Mais que o número de apreensões de 2016 em si, o que chama a atenção é o percentual de simulacros em relação ao total de armas apreendidas. Trata-se do segundo maior percentual desde 2000, segundo os dados coletados pela ONG.

“A gente consegue ver uma queda expressiva nas apreensões de arma de fogo no estado inteiro. Isso é fruto do impacto do Estatuto do Desarmamento, tendo colocado restrições para a compra de armas e interferido no mercado legal. Ele também impactou no número de armas que vão para o crime”, diz o coordenador do Sou da Paz.

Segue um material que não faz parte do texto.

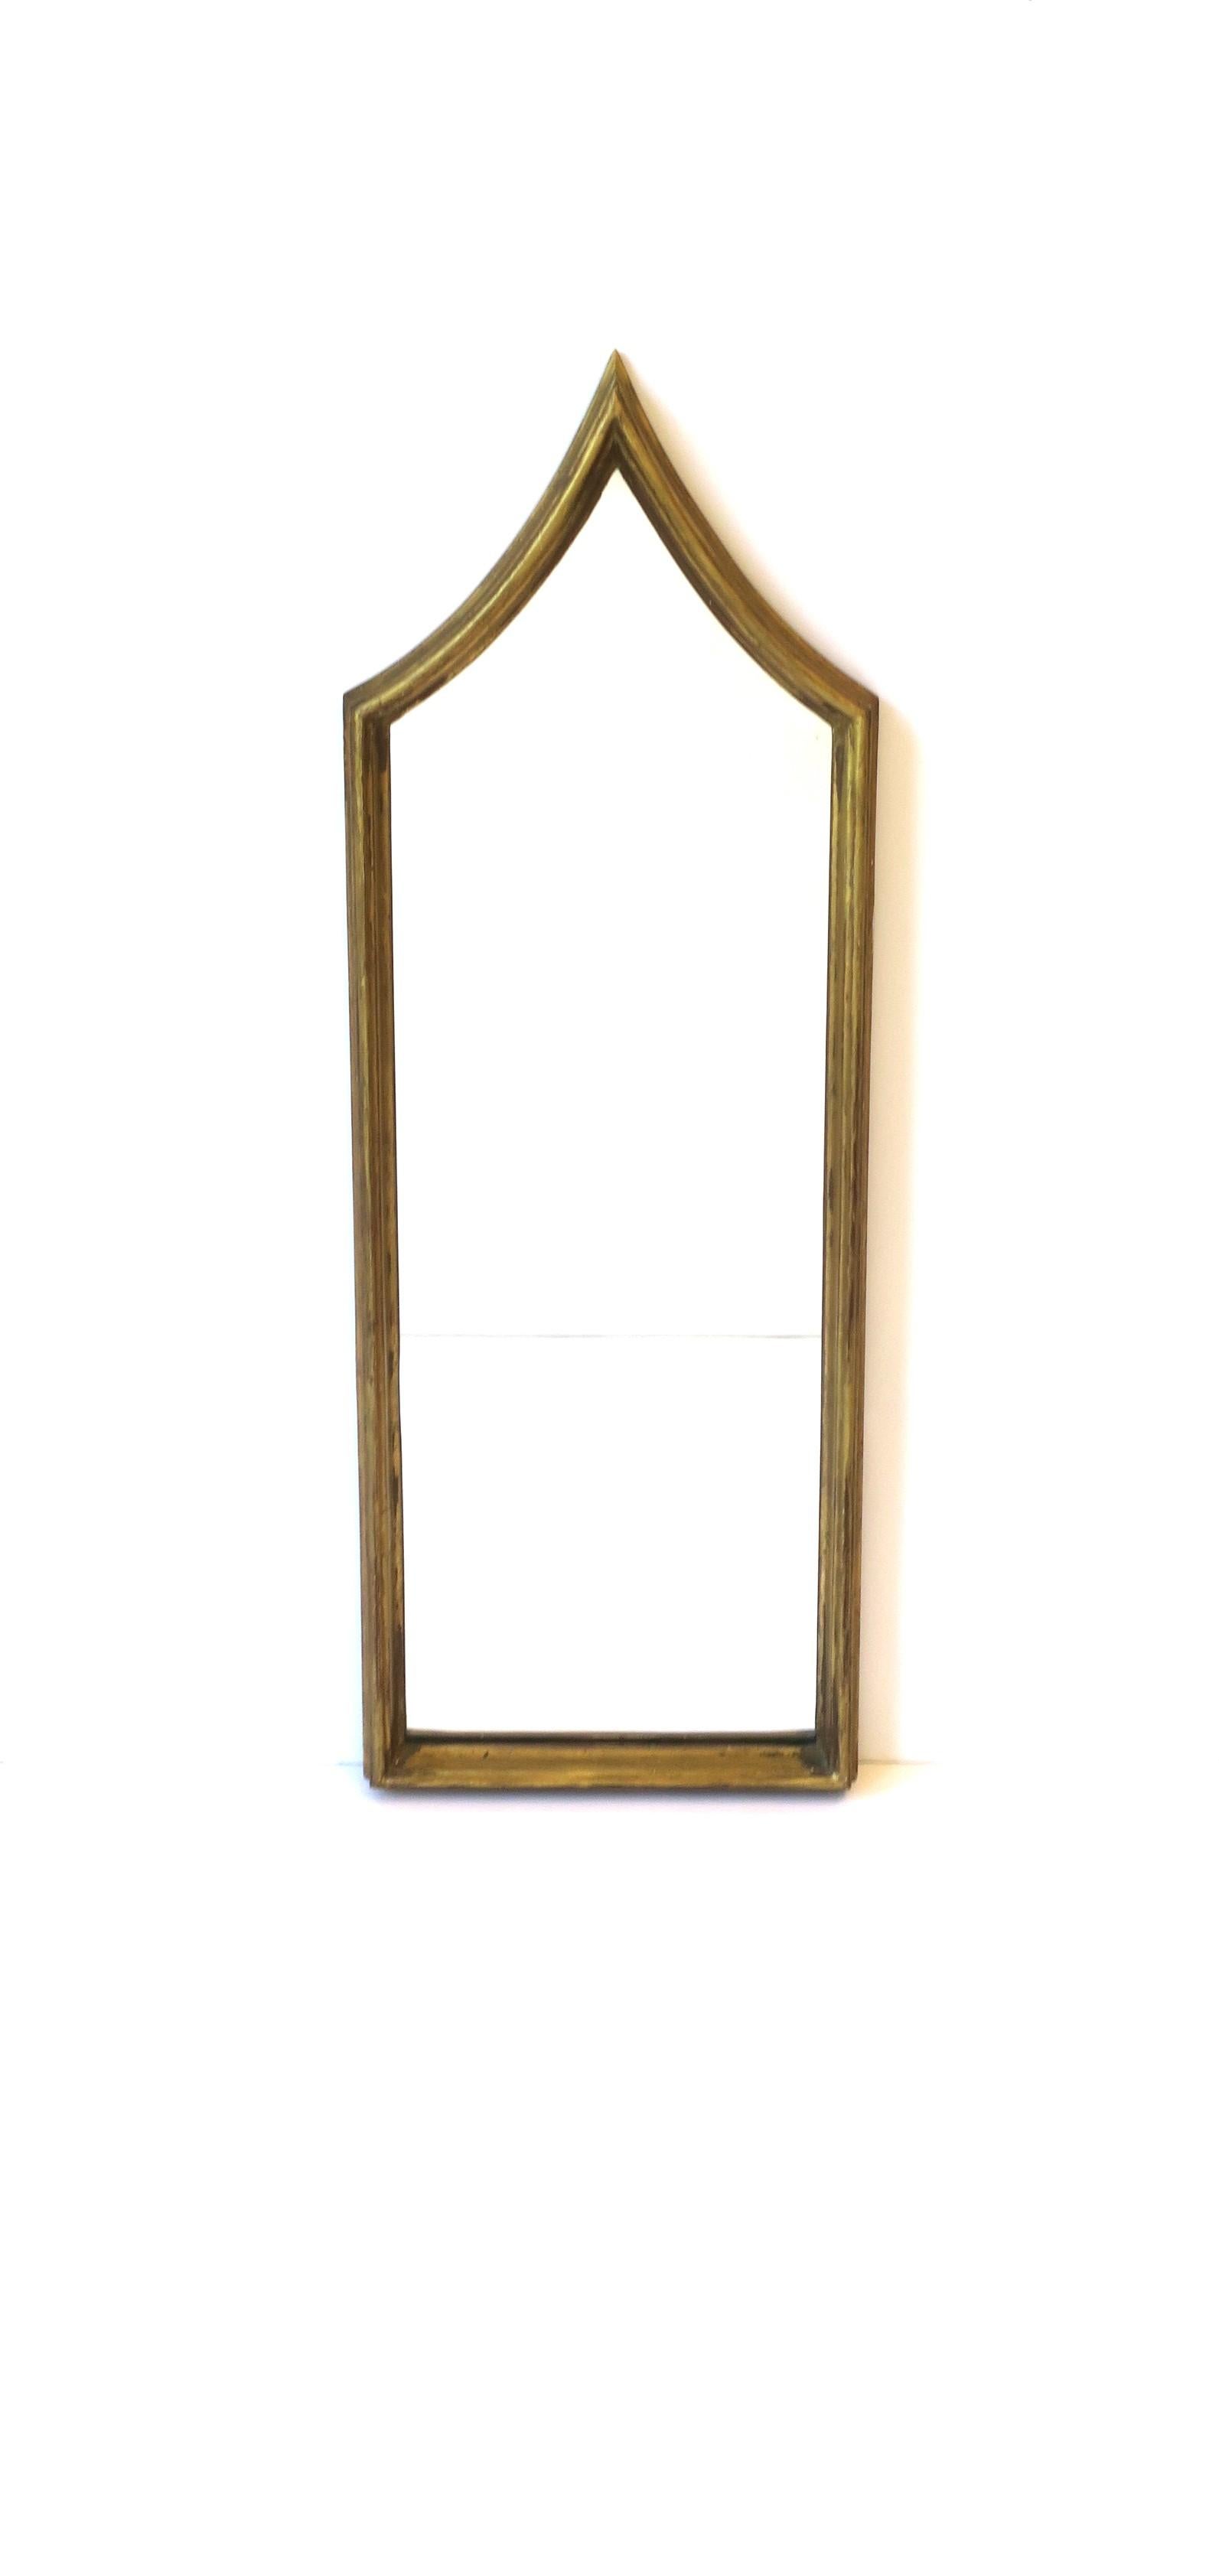 Un grand miroir italien élancé avec un cadre en bois doré dans le style gothique, vers le début ou le milieu du 20e siècle, Italie. Un grand miroir pour une vanité, un hall, un foyer, etc., où un miroir grand et mince est nécessaire. Le miroir est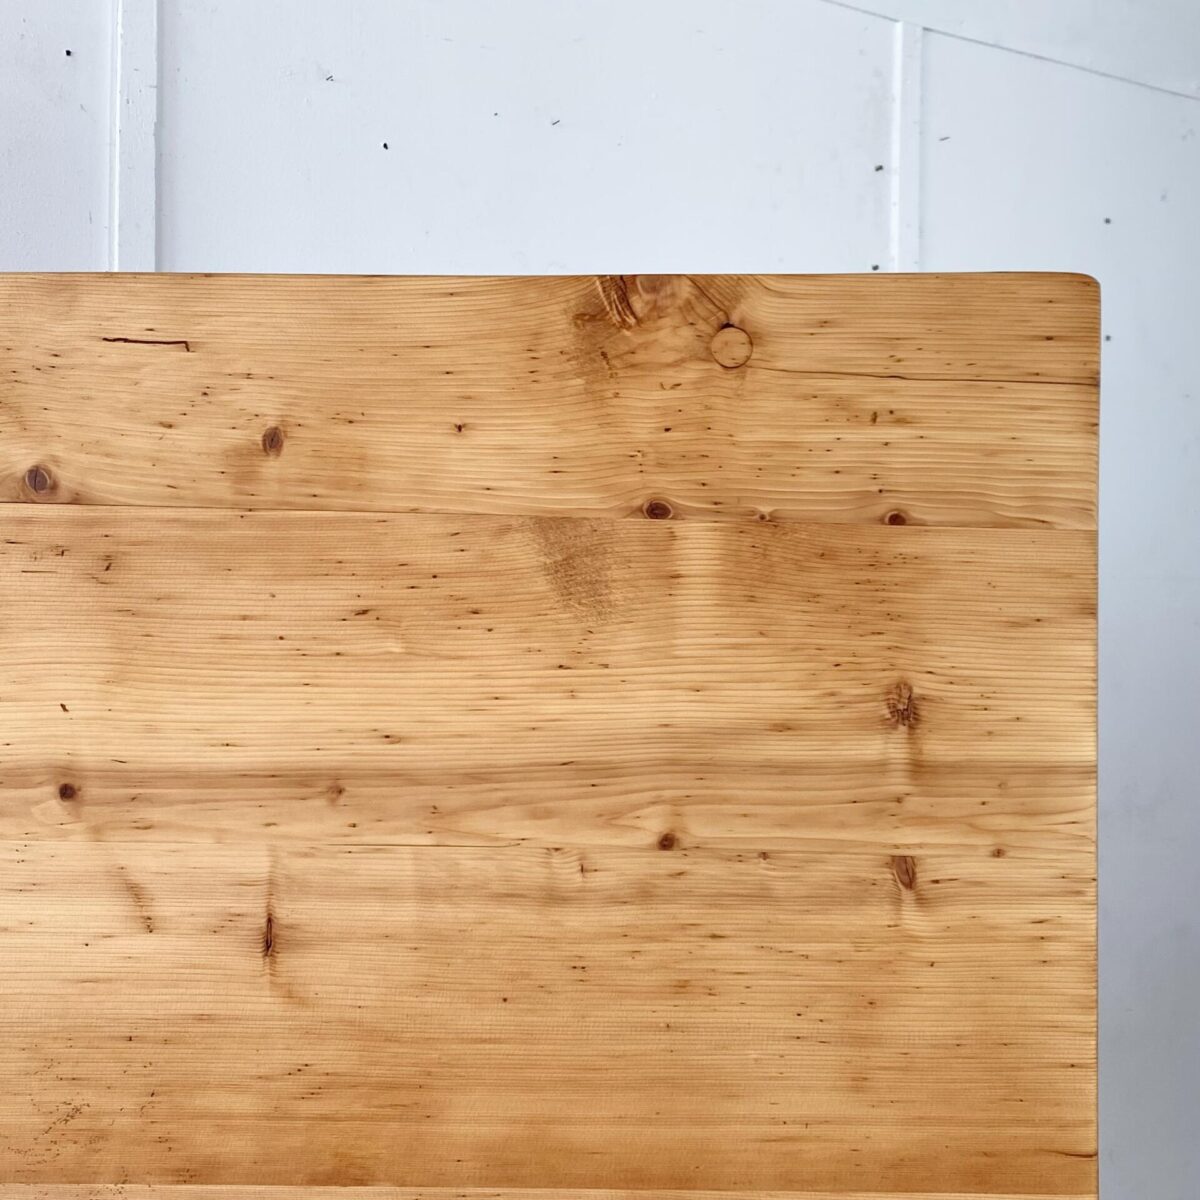 Deuxieme.shop alter Holztisch designklassiker, Biedermeiertisch aus Fichtenholz. 180x69cm Höhe 77cm. Der Tisch ist in restaurierten stabilen Zustand. Die Holz Oberflächen sind geschliffen und mit Naturöl behandelt. Es finden 6 bis 8 Personen daran Platz.

A queda de apreensões de armas de fogo se acentuou em 2003, ano que entrou em vigor o Estatuto do Desarmamento, que passou a restringir a venda delas e aplicar penas mais pesadas para quem for pego com um revólver sem autorização, por exemplo. A ONG também considera a ação policial para apreender armas de fogo como reflexo de armas de fogo em circulação.

“Concomitantemente a gente observa que à medida que foi diminuindo a disponibilidade das armas de fogo ilegais no mercado, isso vai sendo substituído pelo simulacro. Então, simulacro que era menos de 10% em 2003, ele ultrapassa 10% e já chega quase a 15%, 16% nos últimos anos”, aponta Langeani. Em 2016, o índice chega a 24%.

O Exército foi procurado pelo G1 para comentar as declarações do coordenador do Sou da Paz de que os militares flexibilizaram a venda do airsoft. Por meio de nota, o órgão respondeu que "é incumbido do poder de polícia administrativa, motivo pelo qual é competente para a fiscalização tão somente do comércio legal de armas".

Ainda, segundo o Exército, "o comércio ilegal e o uso ilícito de armas são atividades criminosas de competências dos Órgãos de Segurança Pública, responsáveis pela investigação e combate àquelas modalidades ilegais", e que "a utilização ilegal de armas de pressão e de simulacros para o cometimento de ilícitos constitui-se em atividade criminosa de competências dos Órgãos de Segurança Pública, responsáveis pela investigação e combate a esse tipo de ilicitude."

Questionada, a Secretaria da Segurança Pública, responsável pela PM, informa que “não compete às polícias Civil e Militar a responsabilidade por fiscalizar a venda e fabricação das armas mencionadas.” A pasta, porém, não respondeu às perguntas da reportagem sobre o número de apreensões de simulacros.